● **The data**
▬▬▬▬▬▬

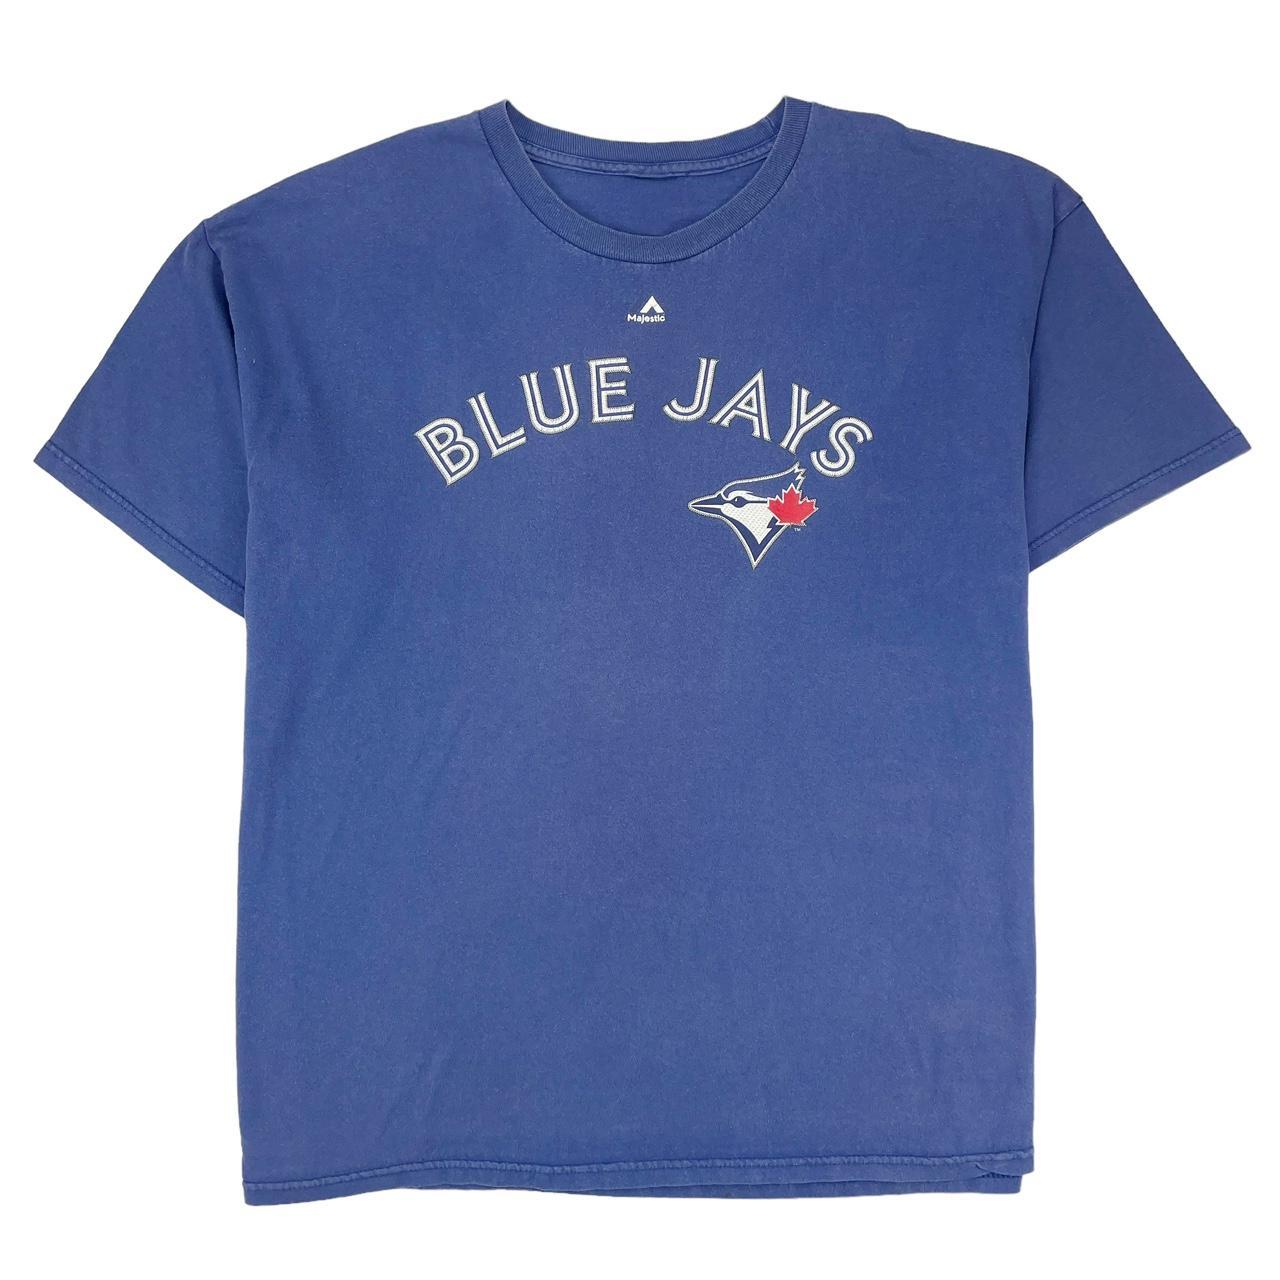 Vintage Toronto Blue jays baseball jersey by - Depop
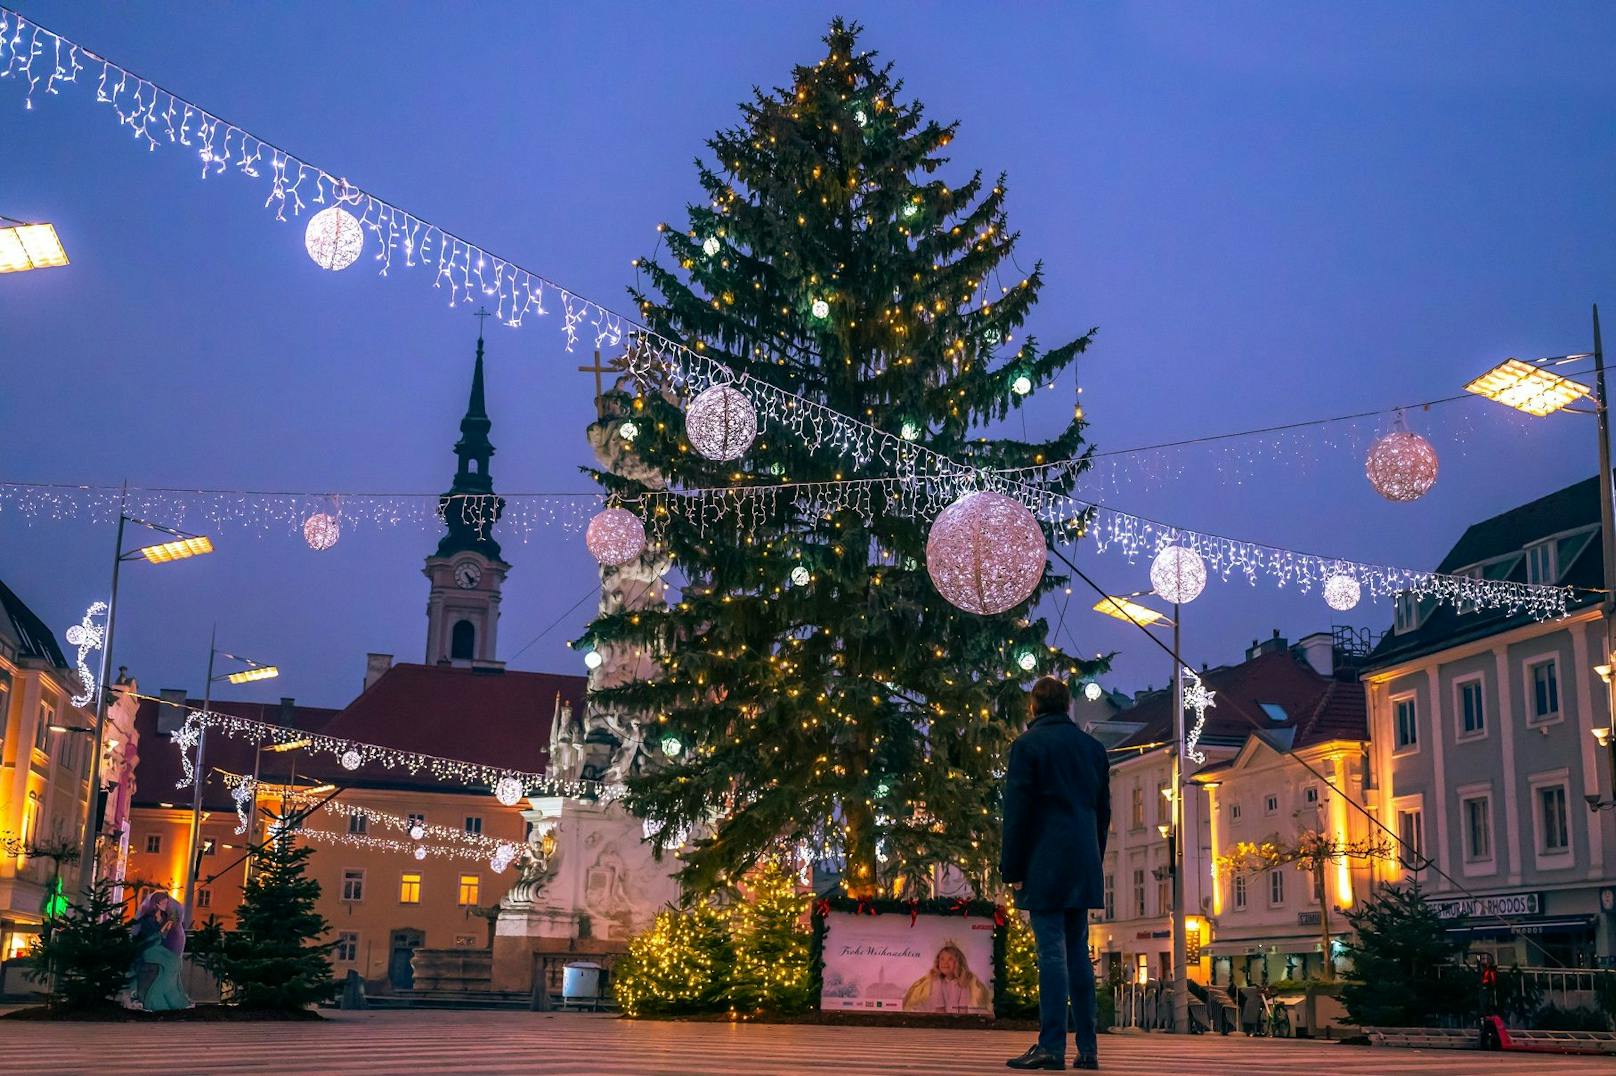 Weihnachts- bzw. Winterschmuck in St. Pölten
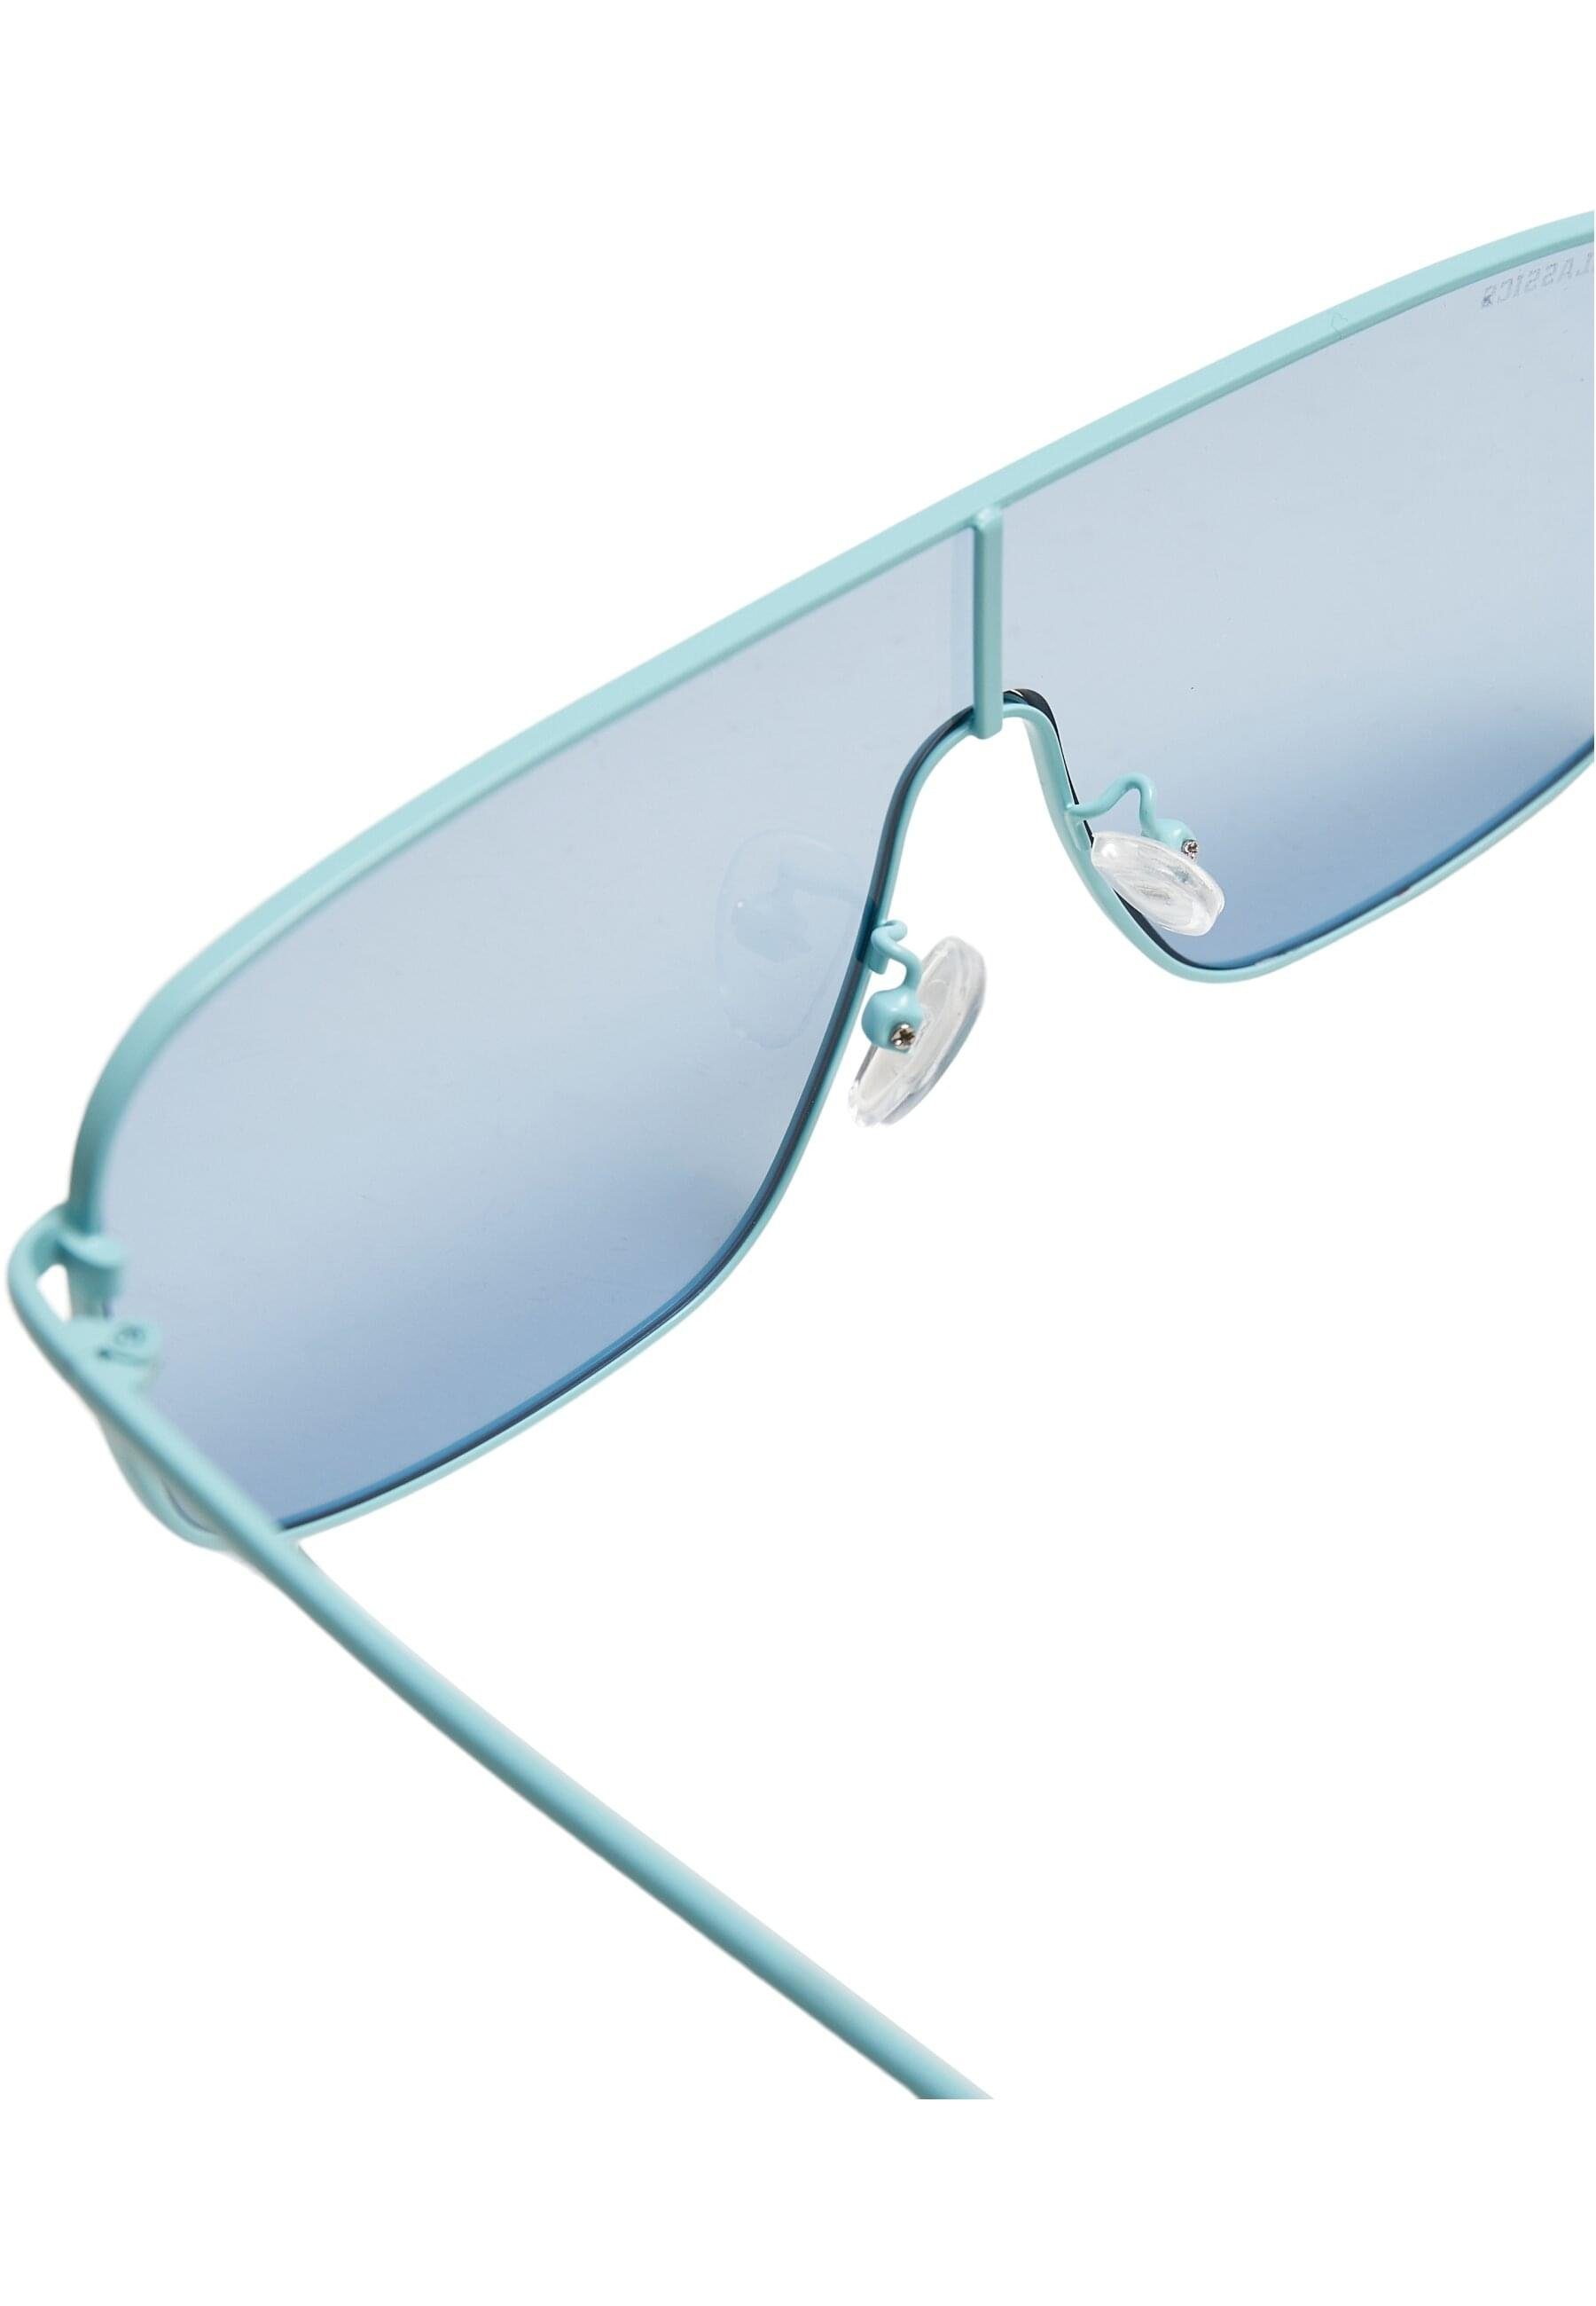 URBAN Sunglasses Sonnenbrille lightblue CLASSICS California Unisex

▬▬▬▬▬▬

● **Task details**
Line by line and exactly, reproduce the span from the line with "Weihnachts- bzw. Winterschmuck in St. Pölten" through the end of the data above, both ends included, with pictures left out.

● **Written answer**
 Weihnachts- bzw. Winterschmuck in St. Pölten
 URBAN Sunglasses Sonnenbrille lightblue CLASSICS California Unisex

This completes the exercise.